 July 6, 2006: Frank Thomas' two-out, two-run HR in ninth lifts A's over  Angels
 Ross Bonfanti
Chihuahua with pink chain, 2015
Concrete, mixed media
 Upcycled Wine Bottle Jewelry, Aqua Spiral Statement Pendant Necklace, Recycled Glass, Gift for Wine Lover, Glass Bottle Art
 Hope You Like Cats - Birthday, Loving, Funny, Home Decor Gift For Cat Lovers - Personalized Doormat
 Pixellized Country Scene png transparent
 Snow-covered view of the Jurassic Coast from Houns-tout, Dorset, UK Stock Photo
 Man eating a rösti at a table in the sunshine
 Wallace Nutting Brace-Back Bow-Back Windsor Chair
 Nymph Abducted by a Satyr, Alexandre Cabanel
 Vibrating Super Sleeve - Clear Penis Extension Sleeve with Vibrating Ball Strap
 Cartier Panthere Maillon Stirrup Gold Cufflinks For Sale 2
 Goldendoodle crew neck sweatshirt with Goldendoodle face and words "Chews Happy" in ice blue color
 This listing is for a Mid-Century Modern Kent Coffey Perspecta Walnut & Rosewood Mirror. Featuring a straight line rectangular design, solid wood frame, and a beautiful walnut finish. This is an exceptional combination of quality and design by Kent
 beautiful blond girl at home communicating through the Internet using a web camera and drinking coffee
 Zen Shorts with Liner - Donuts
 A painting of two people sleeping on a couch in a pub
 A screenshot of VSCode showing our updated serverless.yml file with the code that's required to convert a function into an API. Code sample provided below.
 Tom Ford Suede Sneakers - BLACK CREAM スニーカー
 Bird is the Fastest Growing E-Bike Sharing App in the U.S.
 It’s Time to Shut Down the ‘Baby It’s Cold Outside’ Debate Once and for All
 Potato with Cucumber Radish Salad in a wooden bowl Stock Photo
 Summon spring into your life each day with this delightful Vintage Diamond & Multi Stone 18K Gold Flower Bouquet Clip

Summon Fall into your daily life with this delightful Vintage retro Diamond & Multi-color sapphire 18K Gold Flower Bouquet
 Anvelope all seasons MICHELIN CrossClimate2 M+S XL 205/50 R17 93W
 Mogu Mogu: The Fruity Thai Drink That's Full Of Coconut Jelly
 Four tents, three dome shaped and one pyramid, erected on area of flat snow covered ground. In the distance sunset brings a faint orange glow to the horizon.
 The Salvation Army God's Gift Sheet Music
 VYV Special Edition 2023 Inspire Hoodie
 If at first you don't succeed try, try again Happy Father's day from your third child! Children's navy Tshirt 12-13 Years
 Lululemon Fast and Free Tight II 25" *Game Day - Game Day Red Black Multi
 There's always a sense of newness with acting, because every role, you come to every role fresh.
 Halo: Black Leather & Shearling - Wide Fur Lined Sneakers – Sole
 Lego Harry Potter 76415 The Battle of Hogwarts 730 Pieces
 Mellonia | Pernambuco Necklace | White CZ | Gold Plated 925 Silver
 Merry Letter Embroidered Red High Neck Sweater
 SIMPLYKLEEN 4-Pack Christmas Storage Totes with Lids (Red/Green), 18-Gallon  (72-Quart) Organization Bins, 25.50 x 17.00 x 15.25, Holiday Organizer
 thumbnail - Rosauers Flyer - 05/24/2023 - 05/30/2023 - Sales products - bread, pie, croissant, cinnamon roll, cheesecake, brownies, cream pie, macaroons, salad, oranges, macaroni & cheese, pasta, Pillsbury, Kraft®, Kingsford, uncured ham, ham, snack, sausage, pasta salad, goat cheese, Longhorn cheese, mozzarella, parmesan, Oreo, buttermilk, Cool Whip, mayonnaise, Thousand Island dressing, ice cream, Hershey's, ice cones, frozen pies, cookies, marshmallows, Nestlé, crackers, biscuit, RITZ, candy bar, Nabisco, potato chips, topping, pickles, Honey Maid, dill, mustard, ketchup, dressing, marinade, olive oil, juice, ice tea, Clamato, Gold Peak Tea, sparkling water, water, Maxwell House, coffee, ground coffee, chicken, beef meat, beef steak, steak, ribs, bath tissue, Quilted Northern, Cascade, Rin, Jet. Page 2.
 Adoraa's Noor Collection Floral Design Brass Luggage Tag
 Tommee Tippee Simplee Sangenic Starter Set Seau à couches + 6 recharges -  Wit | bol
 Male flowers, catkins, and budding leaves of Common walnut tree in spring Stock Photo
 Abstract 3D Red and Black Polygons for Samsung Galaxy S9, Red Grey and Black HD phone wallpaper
____________
=== Work order ===
Quote, without alteration, the final stretch of the entries: the line with "thumbnail - Rosauers" onward to the last line.

=== Task response ===
 thumbnail - Rosauers Flyer - 05/24/2023 - 05/30/2023 - Sales products - bread, pie, croissant, cinnamon roll, cheesecake, brownies, cream pie, macaroons, salad, oranges, macaroni & cheese, pasta, Pillsbury, Kraft®, Kingsford, uncured ham, ham, snack, sausage, pasta salad, goat cheese, Longhorn cheese, mozzarella, parmesan, Oreo, buttermilk, Cool Whip, mayonnaise, Thousand Island dressing, ice cream, Hershey's, ice cones, frozen pies, cookies, marshmallows, Nestlé, crackers, biscuit, RITZ, candy bar, Nabisco, potato chips, topping, pickles, Honey Maid, dill, mustard, ketchup, dressing, marinade, olive oil, juice, ice tea, Clamato, Gold Peak Tea, sparkling water, water, Maxwell House, coffee, ground coffee, chicken, beef meat, beef steak, steak, ribs, bath tissue, Quilted Northern, Cascade, Rin, Jet. Page 2.
 Adoraa's Noor Collection Floral Design Brass Luggage Tag
 Tommee Tippee Simplee Sangenic Starter Set Seau à couches + 6 recharges -  Wit | bol
 Male flowers, catkins, and budding leaves of Common walnut tree in spring Stock Photo
 Abstract 3D Red and Black Polygons for Samsung Galaxy S9, Red Grey and Black HD phone wallpaper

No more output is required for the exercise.